The Bible contains 66 books written by 40 authors over 1,500 years on three continents over more than a dozen different genres. And yet they all tell the same story of the same God. The Bible is a theological book that shares true history, but even when it is telling true historic facts, it doesn’t do so like a 21st century western history text book. It does so like an ancient Middle Eastern theological story.
One of my least favorite reading experiences was reading Beowulf in high school English. Were you subjected to this torture? Beowulf was written sometime between the 8th and 10th century and uses an early form of Old English called West Saxon.[i] Maybe if I re-read Beowulf I would love it, but at the time it felt like it was just one of those books we were reading because of its historic significance. Getting through the language was just brutal. I could barely piece together what a sentence meant, much less a paragraph, and understanding the plot felt virtually impossible. On top of that, this bizarre story of a monster in a faraway land felt profoundly irrelevant to my life.[ii]
Maybe you feel like that about the Bible. I get it. The Bible was written 2,000+ years ago. It seems borderline ridiculous that Christians pick it up and it expect it say something valuable to them about life in a completely different world.
Isn’t the Bible out of date?
The final challenge that is made against the Bible is that it is out of date. The Bible has old-fashioned morality about gender and sexuality. How can we trust a book that is so backwards.

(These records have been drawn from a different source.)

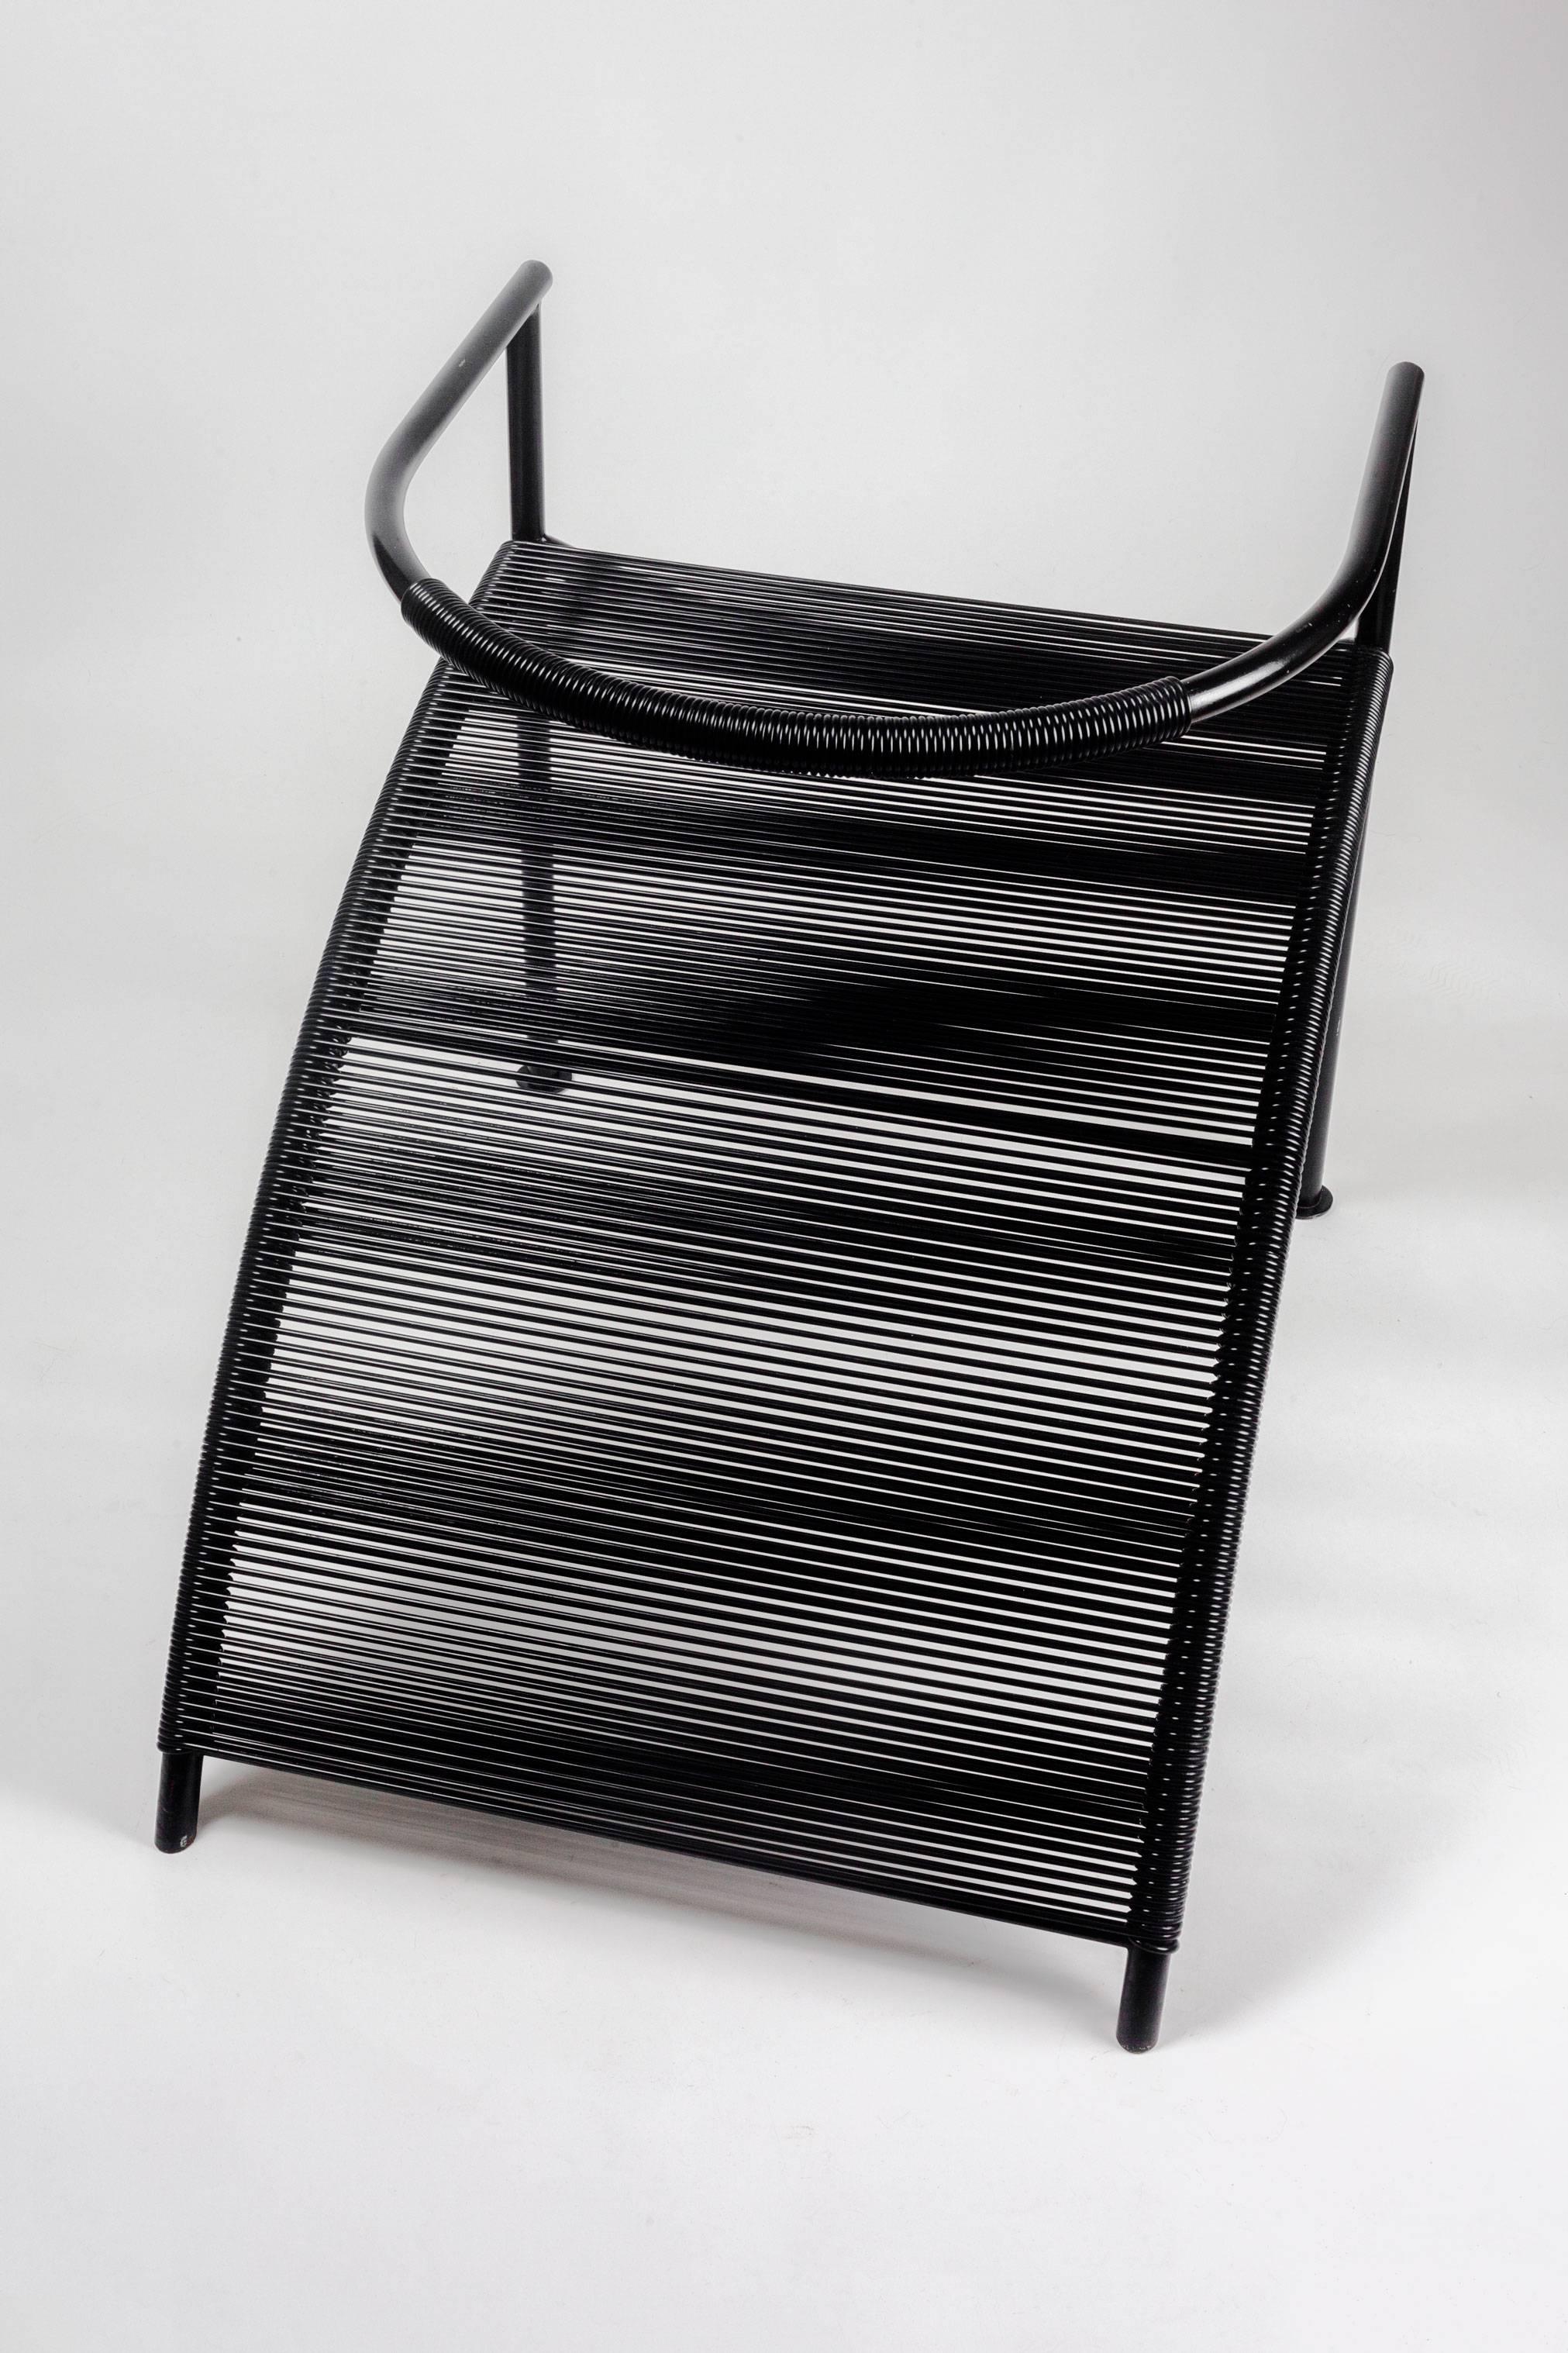 Steel Sculptural Chair by Philippe Starck for XO Paris, Black Metal and strings, 1980s
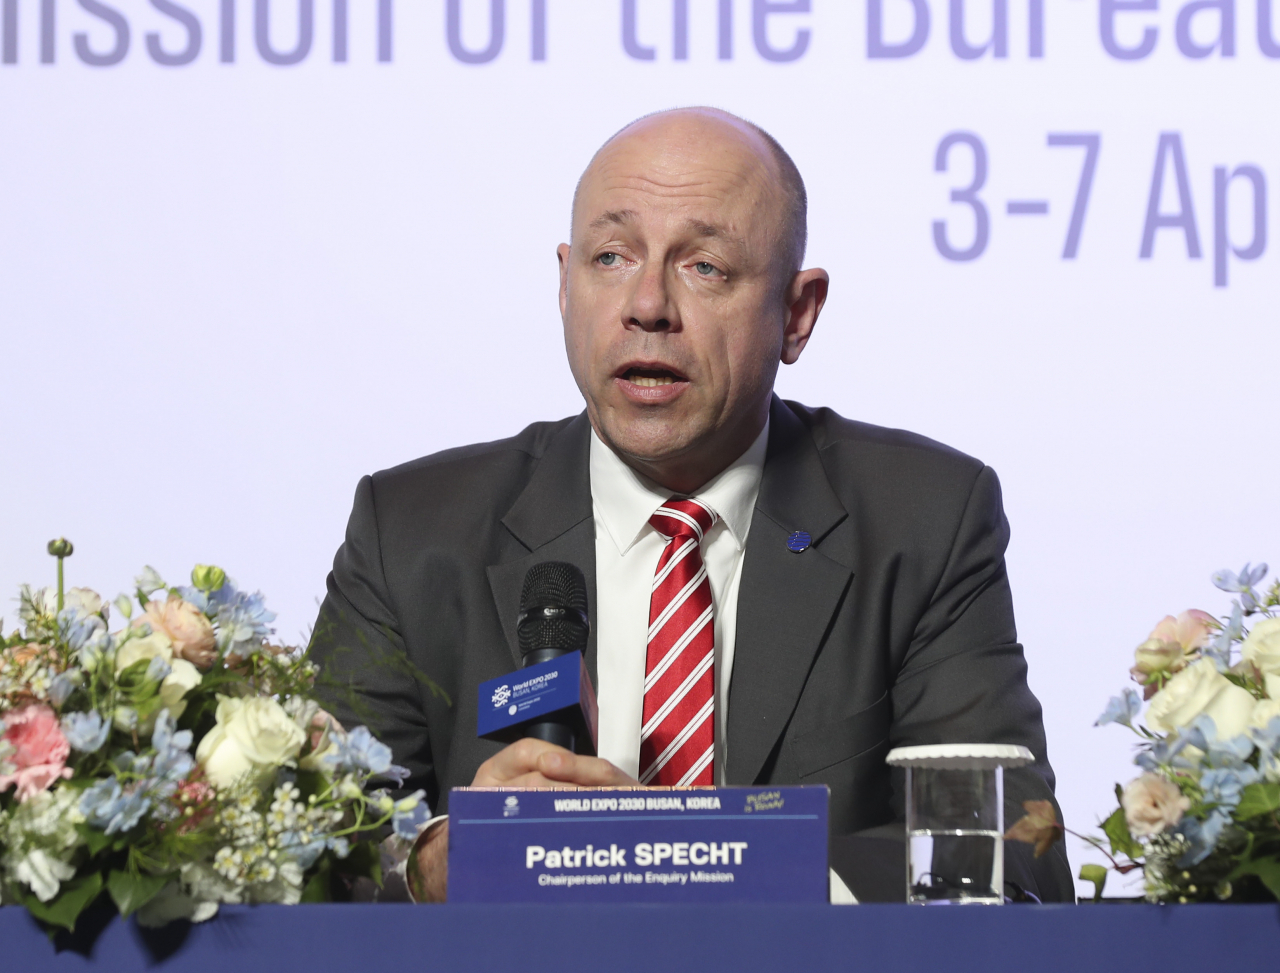 Patrick Specht, president of the Bureau International des Expositions Administration and Budget Committee, speaks during a press conference held in Signiel Busan Thursday. (Yonhap)
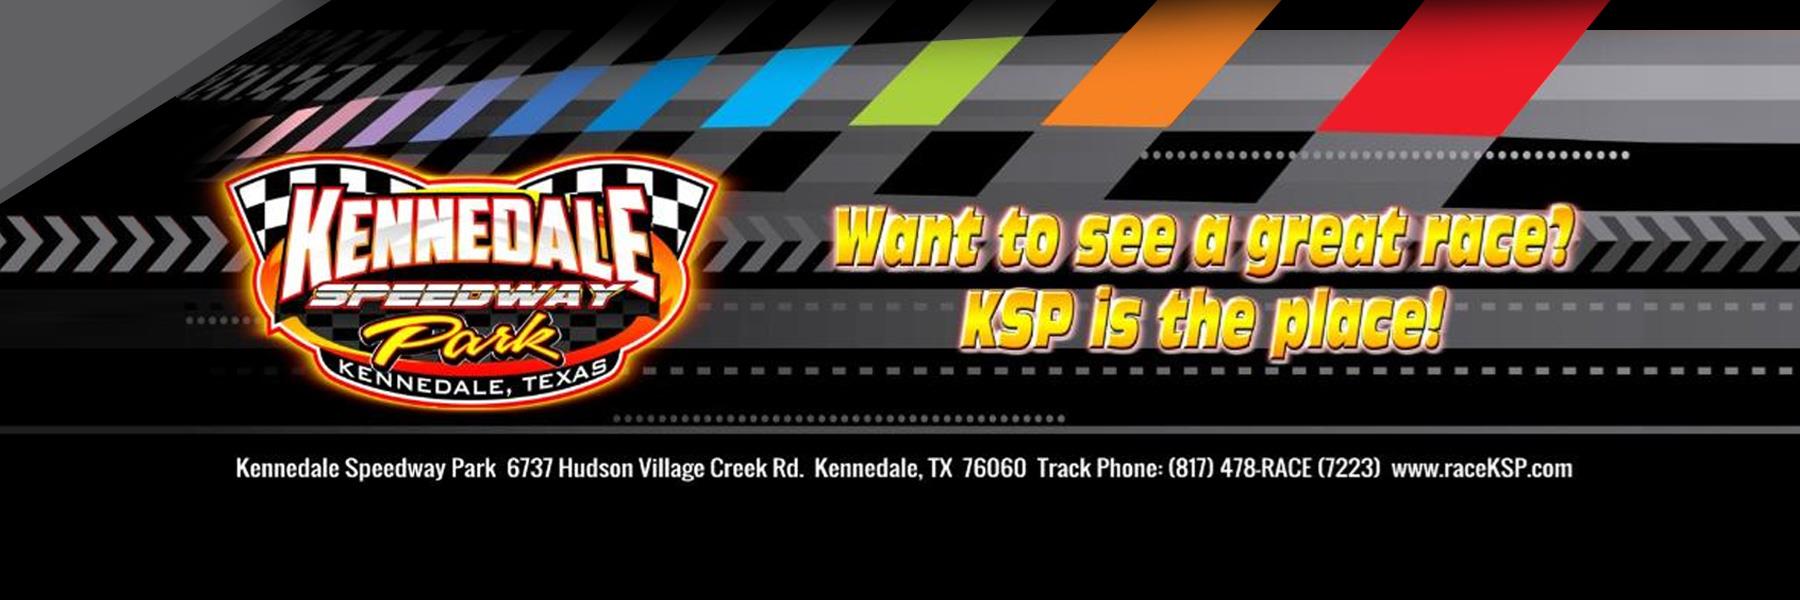 4/13/2013 - Kennedale Speedway Park
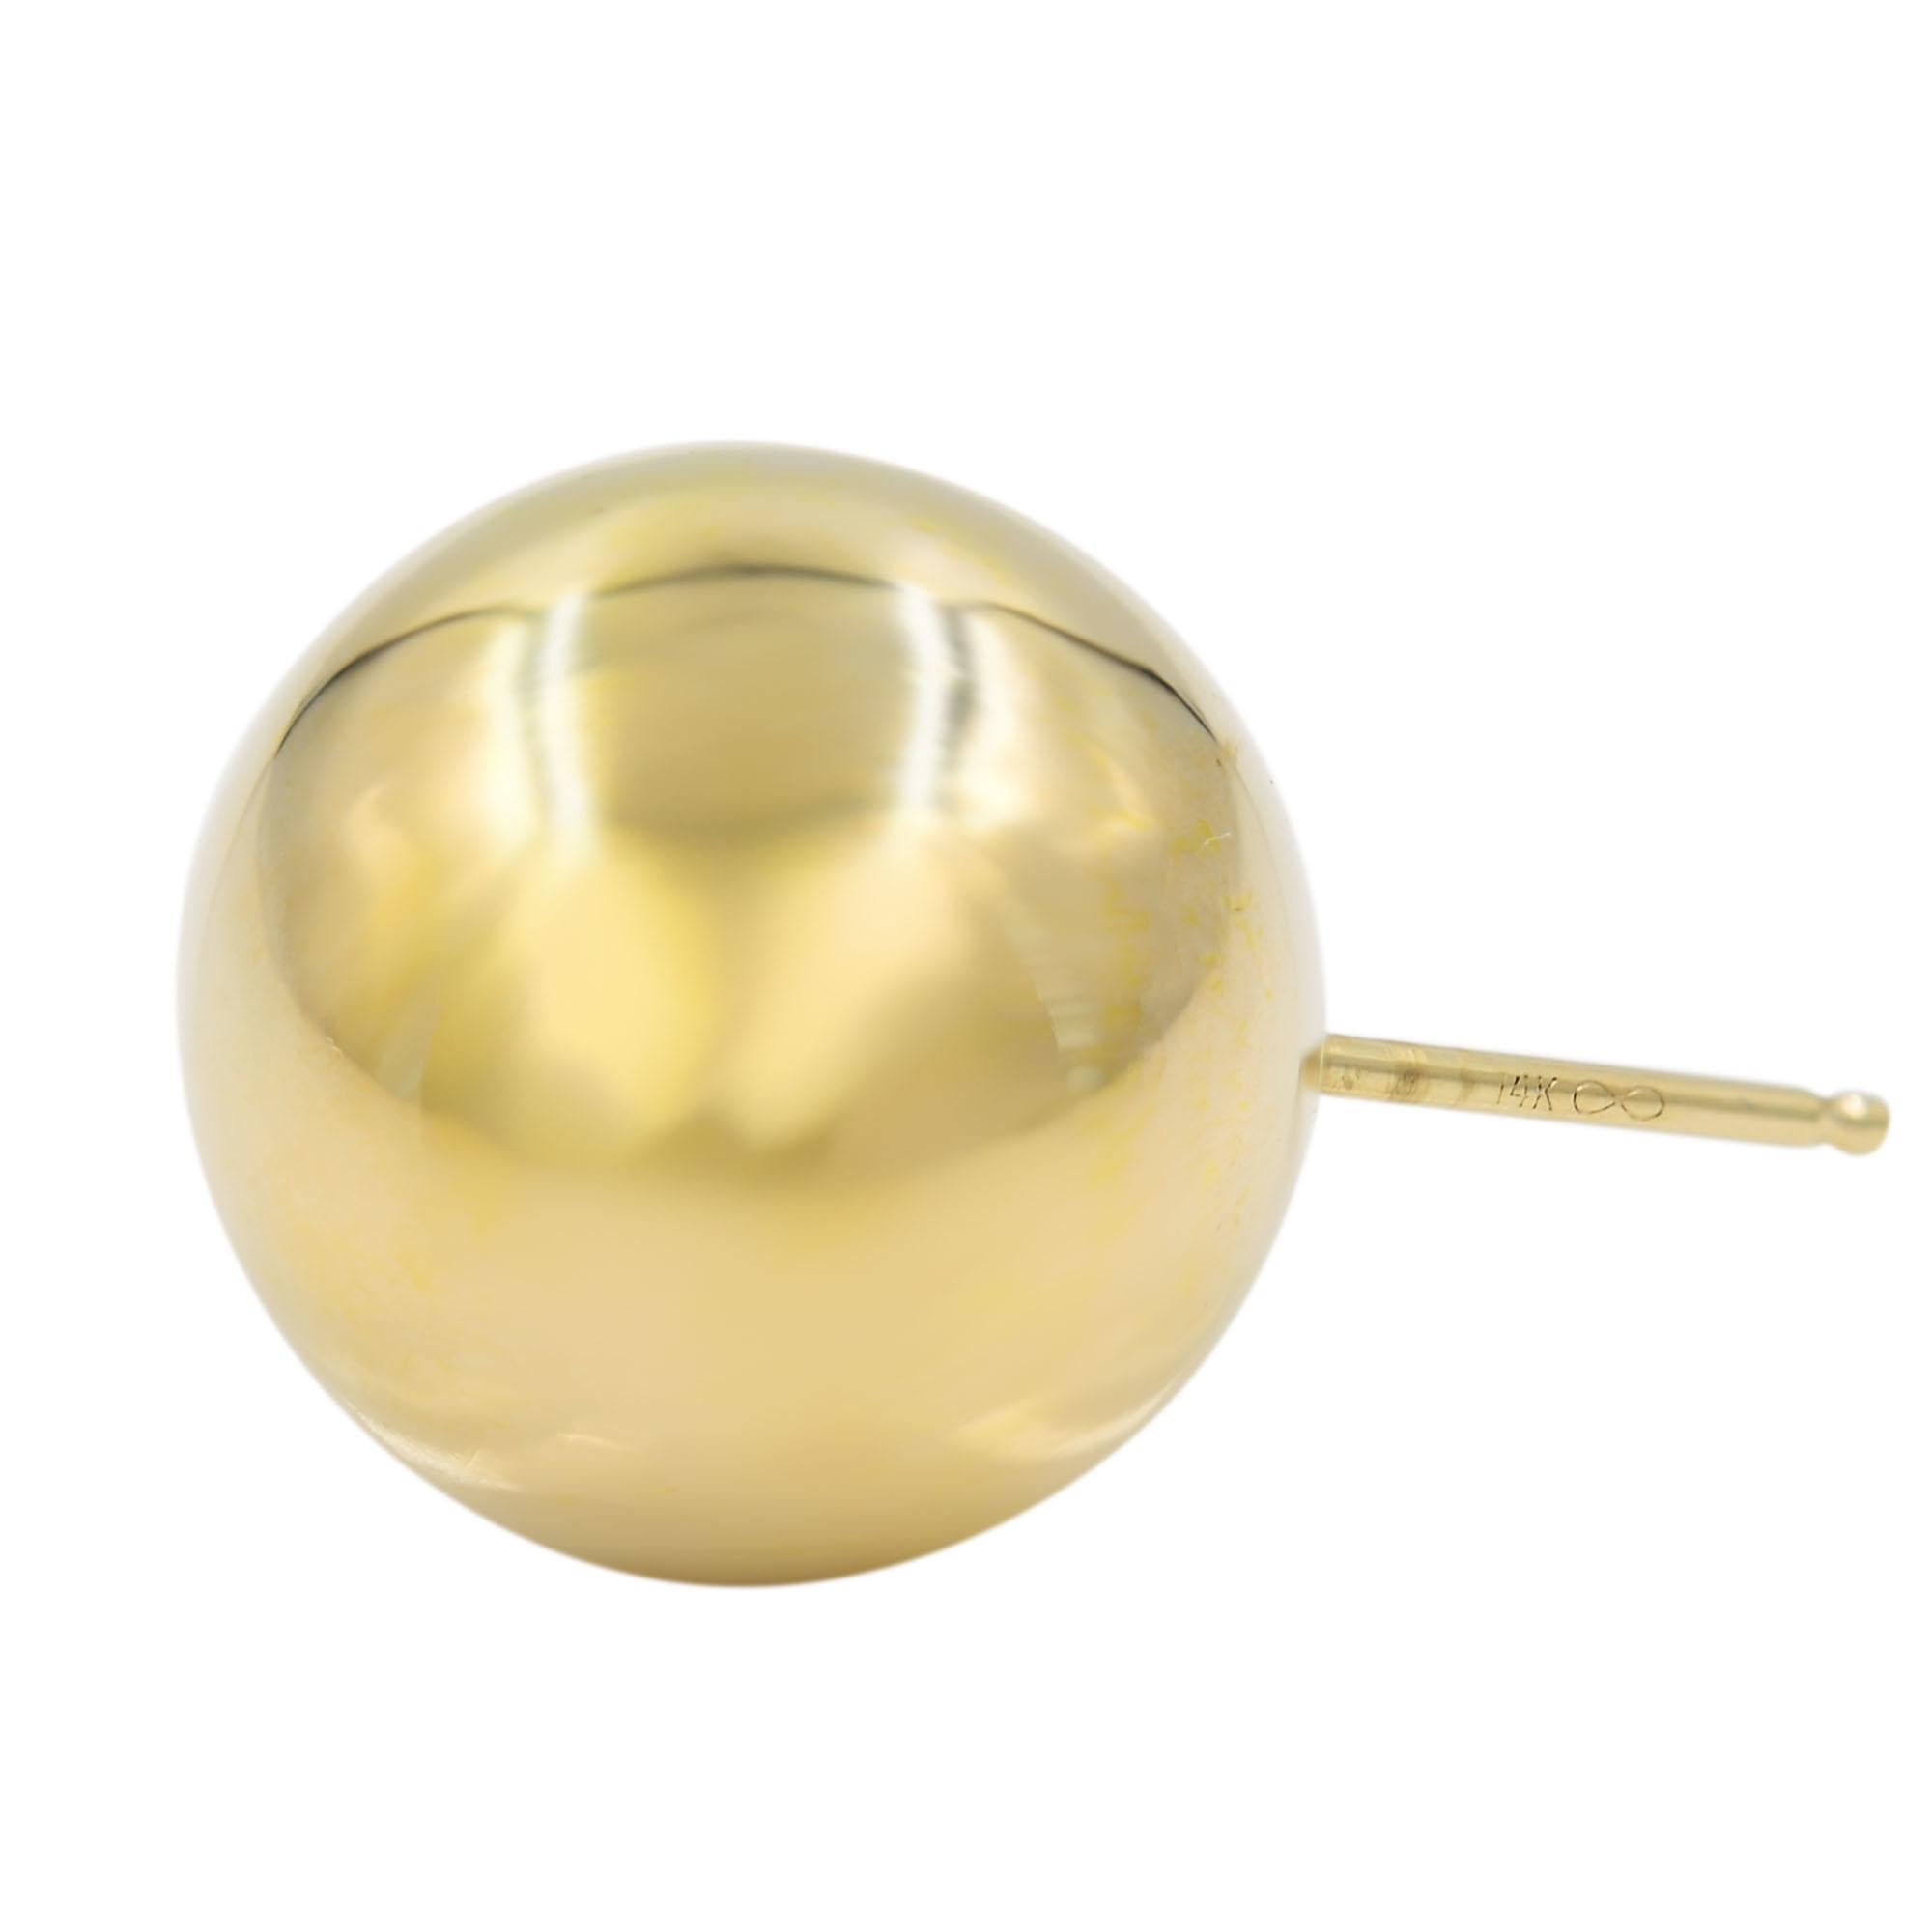 Ball stud earrings crafted in 14k yellow gold are perfect for everyday wear. Actual gold, lightweight and festive. Size: 6mm. Closure: push backings. Comes with a presentable gift box.

Let me offer two very brief responses to this: first, the Bible is likely much less backward than you might think. In fact, all over the place the Bible breaks cultural expectations regarding gender, socio-economic class, and race.
Second, in those places where the Bible appears to be “on the wrong side of history,” I would ask you first to engage the central question of whether or not the Bible is God’s Word. If it isn’t, then of course the Bible is a skeleton, an artifact, when it comes to morality. But if it does happen to be God’s Word, I would ask you where your objective measure of morality derives from? And how can you be guaranteed that your own morality won’t look extremely dated in mere years? And I would add that if the Bible is indeed God’s Word, wouldn’t you expect that God would disagree with us at points? If we found in the Bible everything we already believed, would it be God’s Word or our word?
Are you willing to read the Bible not to tear it down but to enter in? Would you be willing to taste and see Jesus through the eyes of his followers? It only takes the average reader between an hour and a half to two and a half hours to read each of the four gospels. Pick up Mark or Luke or Matthew or John and encounter the man who calls himself the Son of God and see if you think it is a fable or if it rings of truth.[iii]
MIT professor and atheist Rosalind Picard thought that Bible was “full off fantastical crazy stuff.” But, for the sake of intellectual honesty she felt like she needed to actually read it. And so she did. And when she started to read the Bible, she says, “it started to change me.”[iv] She’s a follower of Jesus now.[v]
I could describe to you what a dark chocolate gelato tastes like from Frost: the rich cocoa flavor with a hint of bitterness, the cold buttery smoothness as it coats your tongue.